Stockholders Agreement and Registration Rights
     Pursuant to the Plan of Reorganization, on the Effective Date the Yucaipa Stockholders, the Company and certain other beneficial holders of over 5% of the Common Stock entered into a Stockholders’ Agreement (the “Stockholders’ Agreement) and a Registration Rights Agreement (the “Registration Rights Agreement”) each of which provide certain rights and restrictions with respect to the Common Stock and other securities of the Company. The following statements do not purport to be complete and are qualified in their entirety by reference to the terms of the Stockholders’ Agreement and the Registration Rights Agreement, copies of which are filed hereto as Exhibits 4.1 and 4.2 respectively.
     Board of Directors. Pursuant to the Stockholders’ Agreement, the Yucaipa Stockholders have the right to designate a number of members of the Board that is not less than the majority of the number of then-authorized members of the Board (the “Yucaipa Designees”). In addition, until the second anniversary of the Effective Date, or until otherwise terminated in accordance with the terms of the Stockholder’s Agreement, (i) the Yucaipa Stockholders have agreed to vote all of their shares of Common Stock entitled to vote so that a representative designated by the members of a committee of creditors of Allied Georgia that is reasonably satisfactory to the Yucaipa Stockholders will be elected to the Board and (ii) the other stockholders party to the Stockholders’ Agreement have agreed to vote all of their shares of Common Stock entitled to vote so that the Yucaipa Designees will be elected to the Board.
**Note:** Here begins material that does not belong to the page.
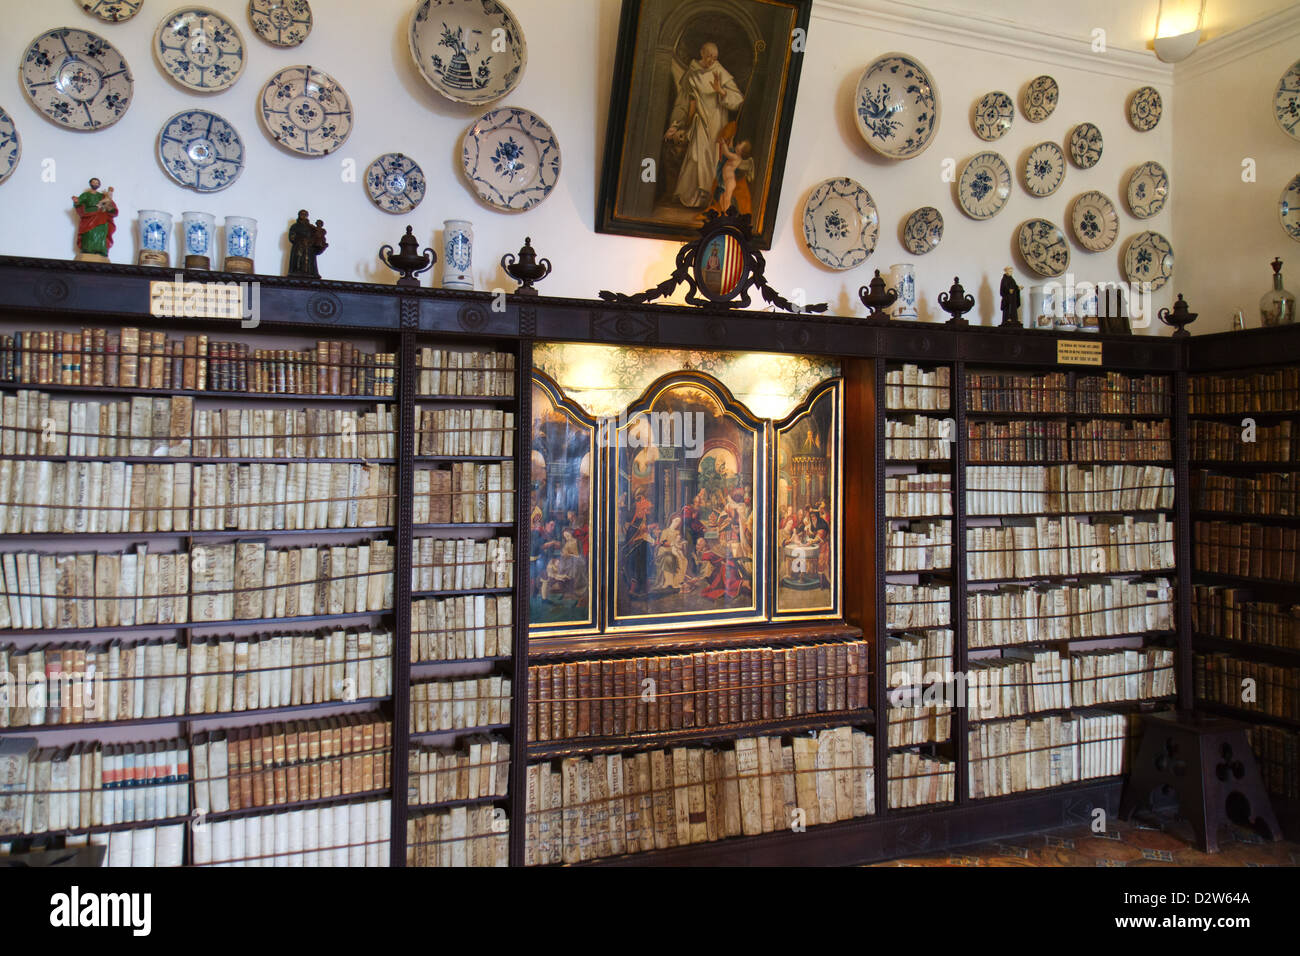 Bibliothèque dans la Chartreuse royale (Real Cartuja), Valldemossa, Majorque, Espagne. Banque D'Images
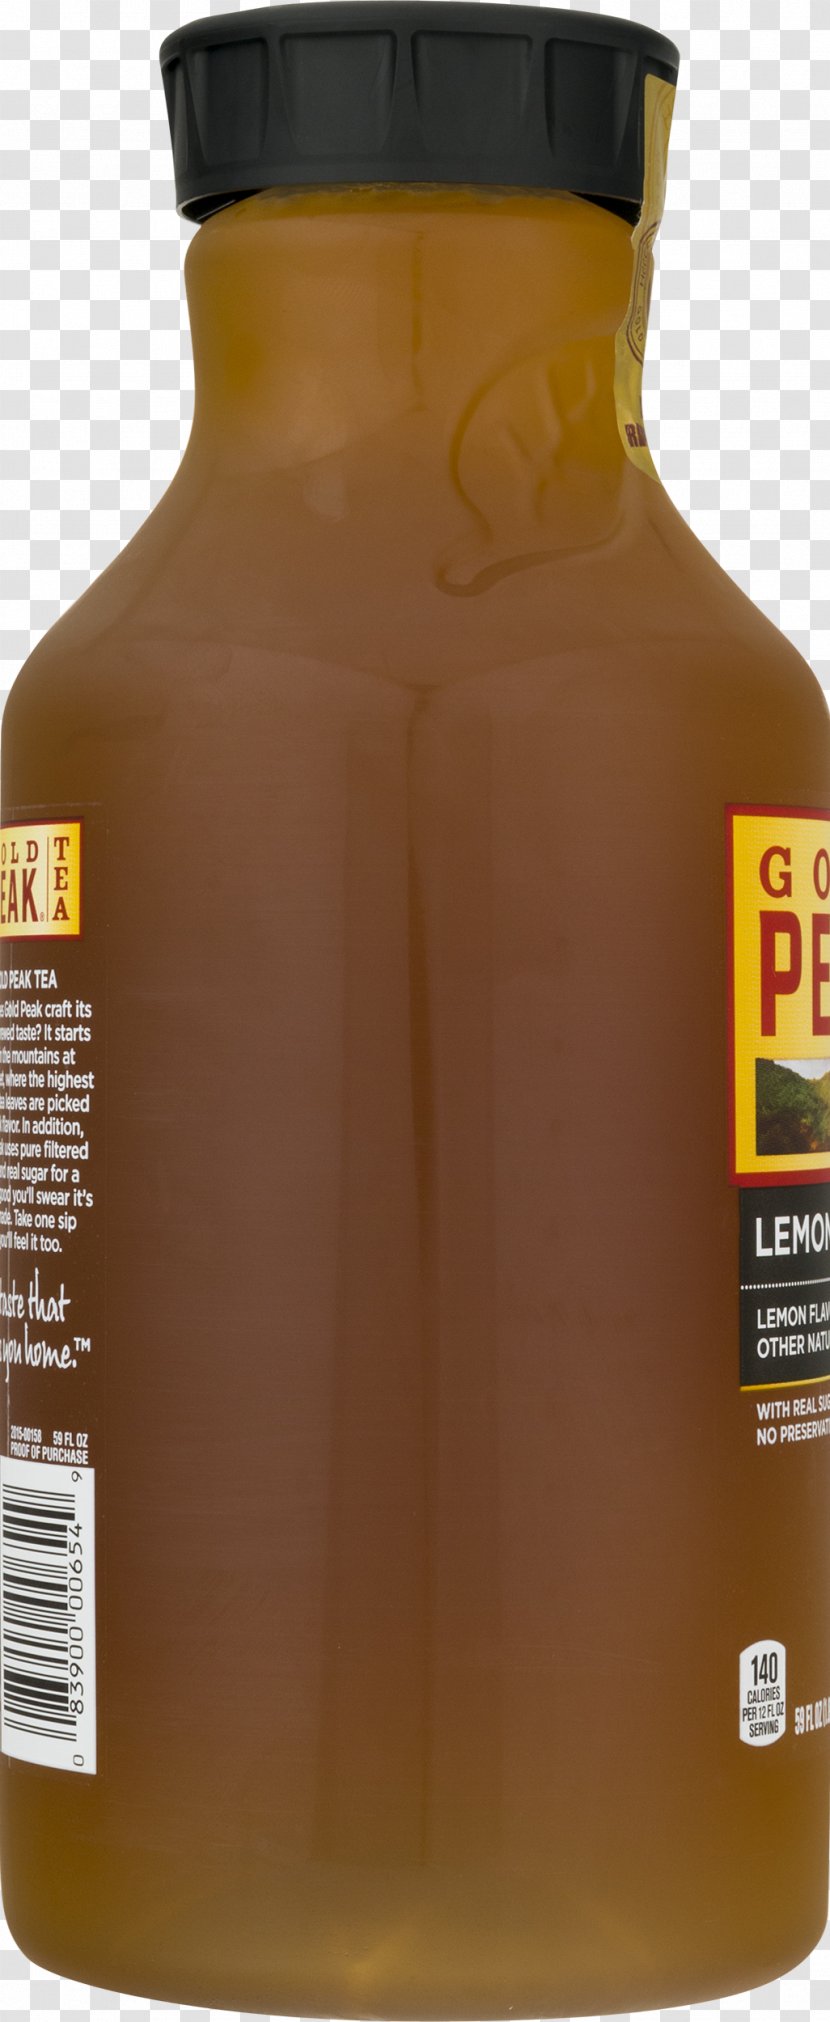 Iced Tea Lemonade Gold Peak Flavor - Salt Transparent PNG

     Certain Additional Required Approvals. The Stockholders’ Agreement provides that until the second anniversary of the Effective Date, the Company will not cause, or permit any subsidiary of the Company to, sell or transfer any of its or their properties or assets to, or purchase property or assets from, or enter into any contract or agreement with the Yucaipa Stockholders or certain of their affiliates (an “Affiliate Transaction”) unless either (i) the Affiliate Transaction is approved by the affirmative vote of a specified percentage of the outstanding Common Stock, (ii) the Affiliate Transaction is approved by a majority of the disinterested directors of the Board or by all of the directors then serving on the Board, (iii) the Company has received an opinion as to the fairness to the Company and/or its subsidiary(ies) of such Affiliate Transaction, from a financial point of view, issued by certain accounting, appraisal or investment banking firms or (v) the Affiliate Transaction constitutes one of a series of other permitted transactions as specified in the Stockholders’ Agreement. The requirement that one of the aforementioned additional approvals be obtained will terminate on the earlier of the second anniversary of the Effective Date or the occurrence of certain other specified events as set forth in the Stockholder’s Agreement.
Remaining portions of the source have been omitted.